During the Lightning Round of
Mad Money viewers get to call in and ask Jim Cramer about stocks they are interested in. Buy, sell or hold in 30 seconds. One person called and
asked about PayPal (
PYPL) Monday night. "I think PayPal is terrific. There's a lot of upside if they get it right," said Cramer.
Let's check and see if the charts have gotten the message.
In the daily bar chart of PYPL, below, we can see that prices made a peak in July and corrected lower into August. Dips into the $105-$100 area have seemed to find buying interest the past six weeks or so but the indicators are not strengthening. Prices are below the declining 50-day moving average line and testing the rising 200-day line.
The On-Balance-Volume (OBV) line turned down in late July signaling a shift from aggressive buying to aggressive selling. The Moving Average Convergence Divergence (MACD) oscillator moved below the zero line in late July for a sell signal.

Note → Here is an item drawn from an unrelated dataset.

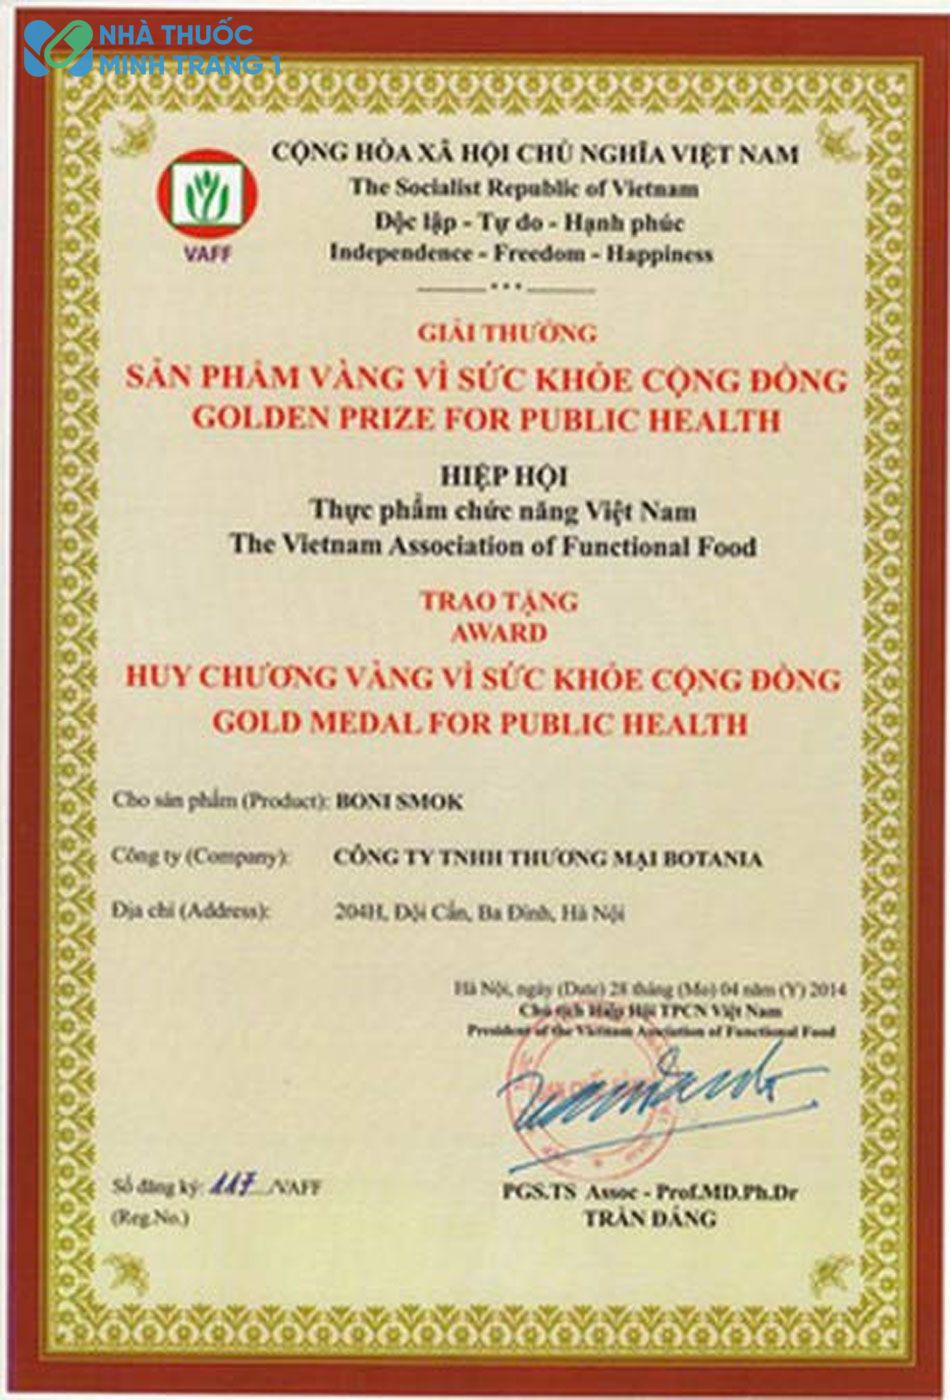 Boni-smok giành được giải thưởng vàng về sức khỏe cộng đồng

In this weekly bar chart of PYPL, below, we can see that prices have tripled in the past three years. PYPL is testing the rising 40-week moving average line.
The weekly OBV line has been bearish the past three months and the MACD oscillator is pointed down toward the zero line.
In this Point and Figure chart of PYPL, below, we can see that there is a potential downside price target of $92 being projected.
Bottom-line strategy: The current correction in PYPL does not look much different from the one in late 2018, which was followed by new highs. Let PYPL continue to trade but keep an eye on the OBV line. If the OBV line turns up with prices then we'll want to return to the long side.